L’OISEAU BLEU

80,00

Maurice MAETERLINCK

André-Edouard MARTY

Édition d’Art PIAZZA

Illustrations en couleurs de André-Edouard MARTY

L'Édition d'Art Piazza, 1945

Volume in-8° - 140 x 205 - 172 pages

Exemplaire n° 5809
Broché sous couverture rempliée, chemise cartonnée et étui bordé
Intérieur en parfait état
Très bel exemplaire sans défaut

Un frère et une sœur, Tyltyl et Mytyl, pauvres enfants de bûcheron, regardent par la fenêtre le Noël des enfants riches lorsque la fée Bérylune leur demande d’aller chercher l’Oiseau bleu pour guérir sa petite fille qui est malade (elle voudrait être heureuse). À travers cette quête, aidés par la Lumière, Tyltyl et Mytyl vont retrouver leurs grands-parents morts, leur petit frère pas encore né et bien d’autres personnages encore.

L’Oiseau bleu parle également de personnages ennemis ne facilitant pas la tâche des enfants, tels la chatte, prête à tuer les enfants pour sauver sa vie (en effet, une fois que l’on a tourné le Diamant, animaux et éléments prennent vie), aidée de la Nuit, des arbres et d’autres encore…
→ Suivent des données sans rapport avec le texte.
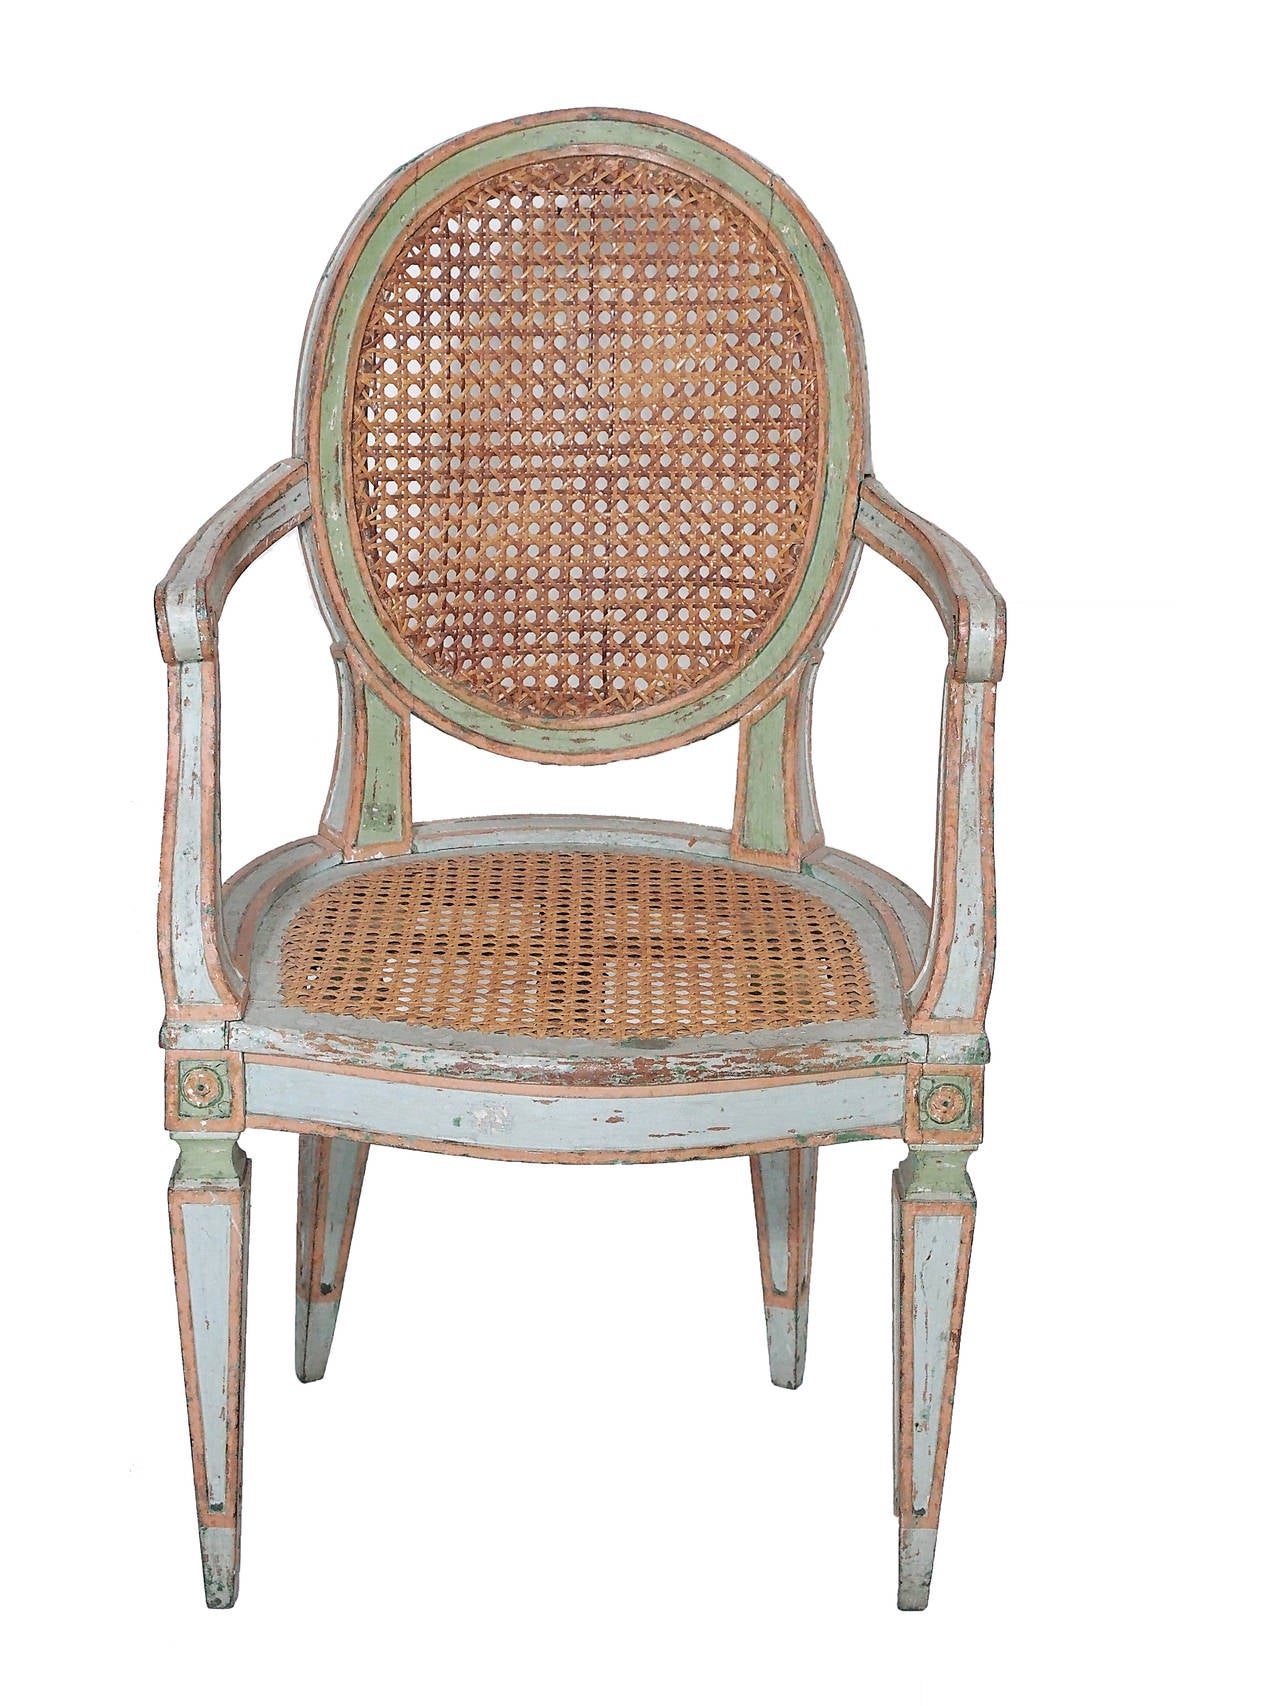 These antique caned Italian armchairs are beautifully proportioned with lovely painted finish and caned back and seats. These antique Louis XVI style Italian caned armchairs are a terrific addition as host chairs to a dining table or sitting

André-Edouard Marty (1882-1932) : Formé à l’Ecole des Beaux-Arts dans l’atelier de Fernand Cormon, André-Edouard Marty travaille à la Gazette du Bon ton dès le lancement de la revue ; il se fait alors connaître pour son style élégant au sein duquel se distingue souvent une touche fantaisiste ou humoristique. Dans une inspiration résolument Art Déco, il dessine les robes de Poiret aux côtés de Lepape mais aussi celles de Lanvin ou encore de Dœuillet. C’est tout particulièrement en illustrant les robes de ce dernier qu’il dévoile un trait aux multiples facettes : amusant, bucolique, mélancolique. À l’instar de ses confrères à la Gazette, Marty collabore également avec d’autres revues de mode, comme Vogue et Harper’s Bazaar, deux magazines pourtant concurrents et pour lesquels il sera l’un des rares illustrateurs à y travailler conjointement. En parallèle des illustrations de mode, Marty conçoit également des scènes pour des ouvrages littéraires comme Scènes mythologiques de Henry de Régnier ou Les Chansons de Bilitis de Pierre Louÿs en 1937. L’éclectisme de son style atteint son apogée en 1943 lorsqu’il réalise un dessin animé, “Callisto, la petite nymphe de Diane”, ultime mise en mouvement des silhouettes féminines qu’il composait pour la Gazette.